Варя выпрямила спину и недовольно засопела.
– Майя, садись к столу, – позвала Зинаида. – Как ты долго. Мы заждались.
Майя вздрогнула. Из-за спины матери вышел старик. Майя уставилась на него.
– Валериан?… Ты? – ахнула она.
Тот смущенно улыбнулся и выдвинул стул, предлагая Майе сесть. Она, все еще не веря своим глазам, обошла стол, села и схватила старика за руку.
– Филиппыч…
Тот склонился над ней. Майя отпустила его.
– Да, барышня, сейчас я вам приборы принесу, – произнес он и скрылся.
Майя посмотрела перед собой – рядом с тарелкой лежало все необходимое.
– Ага, у него целый день в голове черт-те что, – доложила Варя.
Бабка одернула ее.
– Варя!
Майя повернулась в сторону Иды. Ее встретил знакомый властный взгляд.
– Что-то ты бледная какая-то, – бесстрастно прокомментировала та. – Спала плохо?
Майя кивнула и посмотрела на отца. Тот сидел, не поднимал глаз. Он был занят едой, питьем и собственными мыслями и словно не замечал ни семьи, ни Майи. Вновь появившийся из-за спины Филиппыч положил Майе в тарелку ломоть мяса, приправил его соусом.
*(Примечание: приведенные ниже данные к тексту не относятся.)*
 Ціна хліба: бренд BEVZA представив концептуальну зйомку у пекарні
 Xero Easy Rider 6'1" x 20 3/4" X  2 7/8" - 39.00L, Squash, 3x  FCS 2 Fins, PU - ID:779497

– Приятного аппетита, барышня!
– Спасибо, – машинально отозвалась Майя.
Никто из сидящих за столом не удивился ее приходу. Здесь был еще один обычный день, еще один совместный обед, еще одно собрание семьи за большим столом. Майя повернулась к Зинаиде.
– Мама…
Та остановила ее движением руки.
– Майя, деточка, потом разговоры, давай сначала поедим. Майя послушно взялась за приборы, отрезала кусочек мяса, поднесла вилку ко рту и… опустила ее. У нее не было аппетита. Но не она одна за этим столом не хотела есть. Варя крошила свой хлеб и разводила соус узором по всей тарелке. Время от времени она исподтишка поглядывала на Майю. Наконец она не выдержала.
– А я тебя сразу узнала, – с торжеством на весь стол заявила она. – Ну, я сначала подумала, что ты какая-то самозванка, а потом смотрю, и правда – ты!
– Варя! – взмолилась мать.
– Да надоело уже! – взбунтовалась Варя, откладывая вилку. – Ну не хочу я больше есть.
Она сорвала салфетку, спрыгнула со стула и подбежала к Майе. Вынула что-то из кармана и положила на стол перед ней.
– На, держи! – сказала она.
Перед Майей на белую скатерть стола легли ее потерянные часики.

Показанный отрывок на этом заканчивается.